Dogs

Tuesday, November 28, 2006

I was puttering around a message board and came across a post from this woman who had recently spent 2 grand on treatment for her two cats. She posted that she was having trouble getting one of the cats to take his anti-nausea pills (they MAKE those for cats?), and someone suggested that she get the suppository version...since the in hole ain't workin', try the out hole right? Well this reminded me of my Grandma and her dog Mikey. For those who have followed my blog for a while, this is Grandma of Hooters and Meet The Fuckers fame.
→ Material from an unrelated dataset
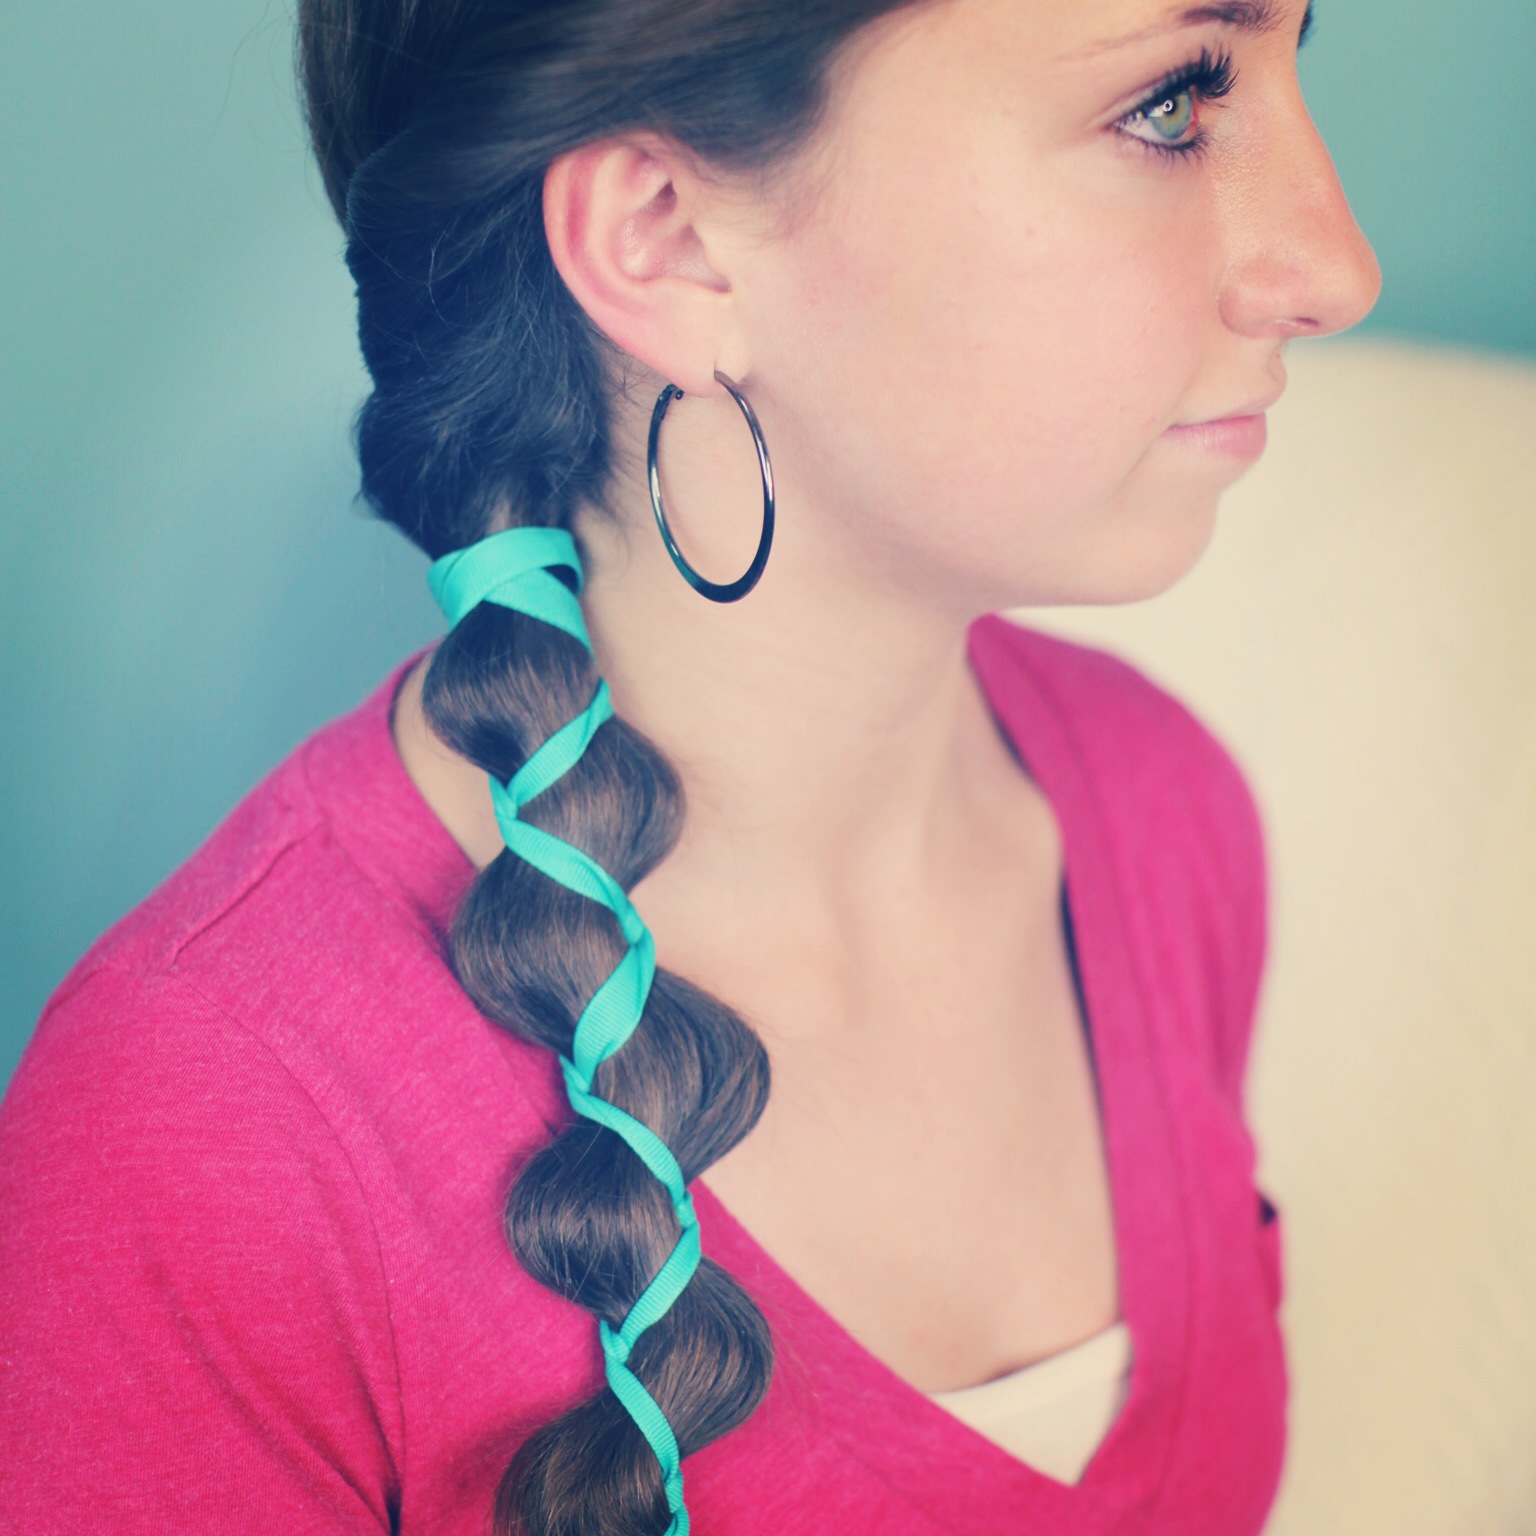 Ribbon-Accented Loony Braid | Hairstyle Ideas - Cute Girls Hairstyles

My Grandma used to have this dog, Mikey...I think it was some kind of terrier mutt, small, white, real mangy looking. Well Mikey was kinda high strung and prone to these fits where he'd flip the fuck out and run all over the house like a maniac, then he'd stop and twitch for a while with his tongue hanging out before passing out from sheer exhaustion. He was also one to pick fights with the neighborhood doberman, who literally shit bigger than Mikey...Grandma tells this story about the time the doberman really fucked Mikey up, and she had to stuff his eyeball back into the socket when he came home. This is a woman who to this day will stick her bare finger into a diaper to determine if shit is present, needless to say the old bat has a strong stomach.

Anyway, Mikey really hated thunderstorms, and would do his flip-the-fuck-out routine for the entire night and Grandma wouldn't get any sleep. Grams was a bit of a pill popper at the time...well, a lot of a pill popper truth be told, she was doing the Elvis Presley routine of uppers during the day and downers at night...so she decided to share the wealth with Mikey and started stuffing half quaaludes up his ass whenever it rained. After a few months of this, Mikey was noticeably calmer, but he drooled and twitched a lot more and started spontaneously pissing himself when you turned a light on. Really odd. I was probably only 6 years old when all this went on, but I remember thinking that maybe dogs shouldn't have pills up their poo-hole.

My dad, years later, named his youngest son Mikey. I don't think he named him after the pill popping dog, but I can't help but think of that weird little mutt every time I see my brother.


Now that I've conjured up this particular memory, I'm sitting here wishing I had some normal childhood stories...like apple picking or baking cookies or something. What the fuck?

1 Comments:

  • At 11/29/2006 6:38 PM, Anonymous Anonymous said…

    That my dear was absolutly hilarious! I Don't think I've laughed that hard in months!